Adanya kepadatan penduduk di Karesidenan Surabaya, lantas menjadi masalah baru yang harus diselesaikan oleh pemerintah Hindia-Belanda, maupun lembaga-lembaga swasta di bidang demografi.
"Untuk mengatasi (permasalahan) kesulitan (mencari lahan) pemukiman pada tahun 1906, Pmerintah Kota praja Surabaya membeli tanah seluas 130 ha di Gubeng Jepit untuk dikembangkan sebagai lahan perumahan," imbuhnya.

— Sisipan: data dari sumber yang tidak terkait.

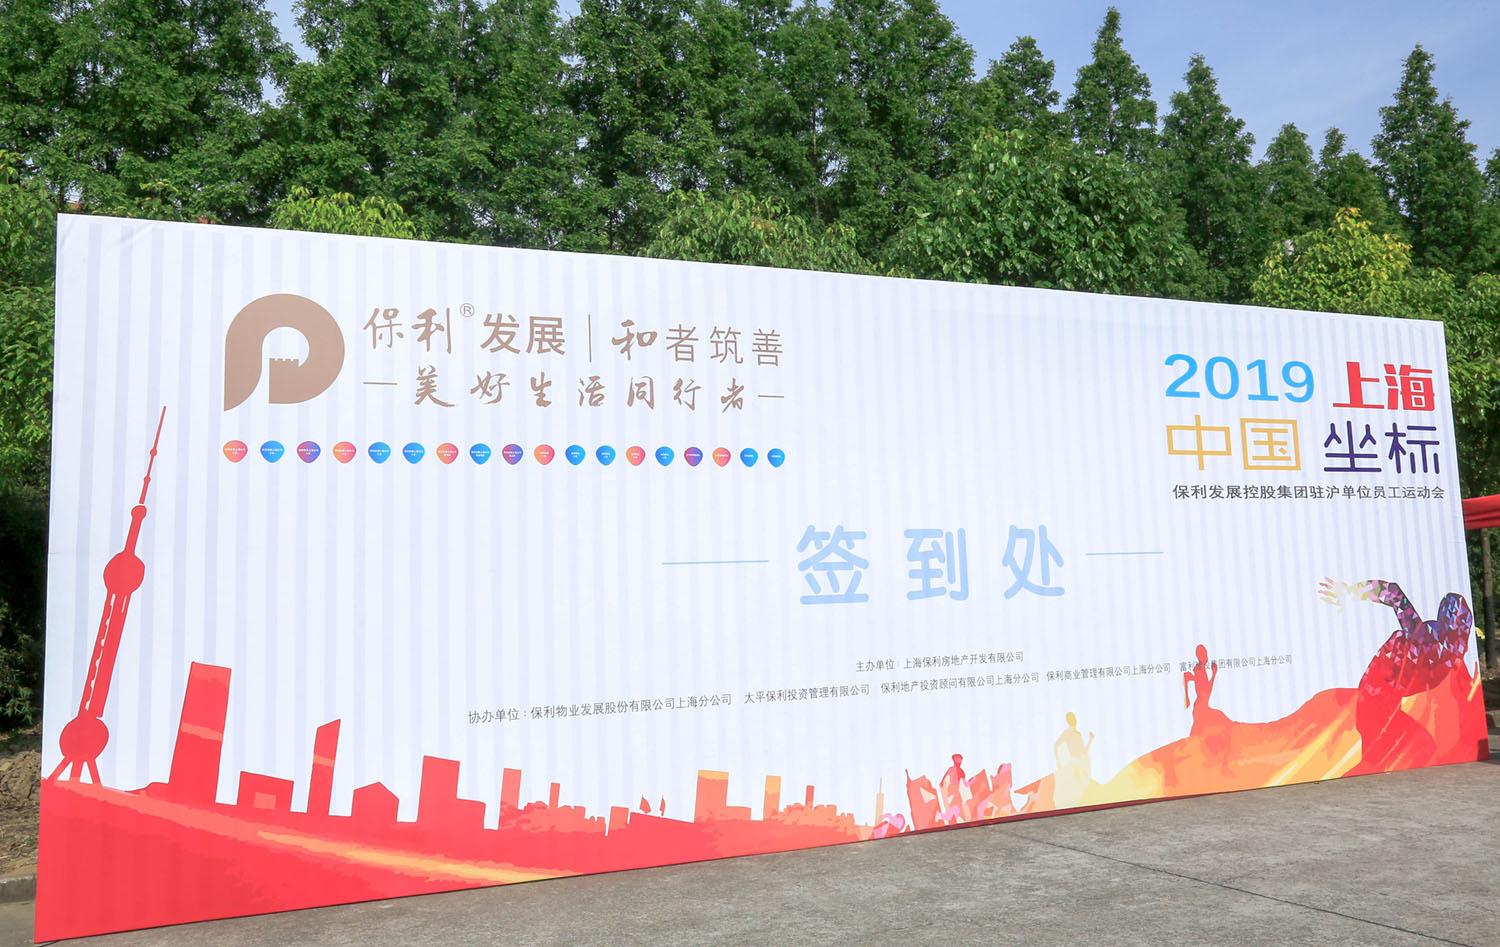 上海企业嘉年华多机位云摄影 保利驻沪人员运动会摄

Upaya-upaya selanjutnya, dilakukan pada tahun 1916 dengan membeli kembali tanah seluas 138 ha di Ketabang Utara dan Selatan, serta 550 ha di Ngagel yang lebih dikenal dengan nama Jagir.
Wilayah Ketabang Utara difokuskan untuk pembangunan perumahan Eropa dan perkantoran kota praja dan sekolah tinggi yang dibangun oleh orang Eropa. Proyek pembangunan rumah orang-orang Eropa ini turut menggeser penduduk pribumi yang terdesak ke area pedalaman atau pelosok desa.
Pada tahun 1924, dibuat sebuah rancangan umum perbaikan sistem drainase dan riool kampung, yang diperkirakan akan menghabiskan anggaran sebesar f.600.000, yang merupakan proyek 6 tahun, dimana pertahunnya dikucurkan dana sebesar f.100.000.
Baca Juga: Granat di Benteng Kedungcowek dan Robohnya Cagar Budaya Kota Pahlawan
Nahas, di dalam proyek pengembangan pemukiman bagi orang Eropa, para buruh pabrik gula yang menghuni di kampung–kampung sekitar pabrik gula dan daerah pedesaan, kurang mendapat perhatian.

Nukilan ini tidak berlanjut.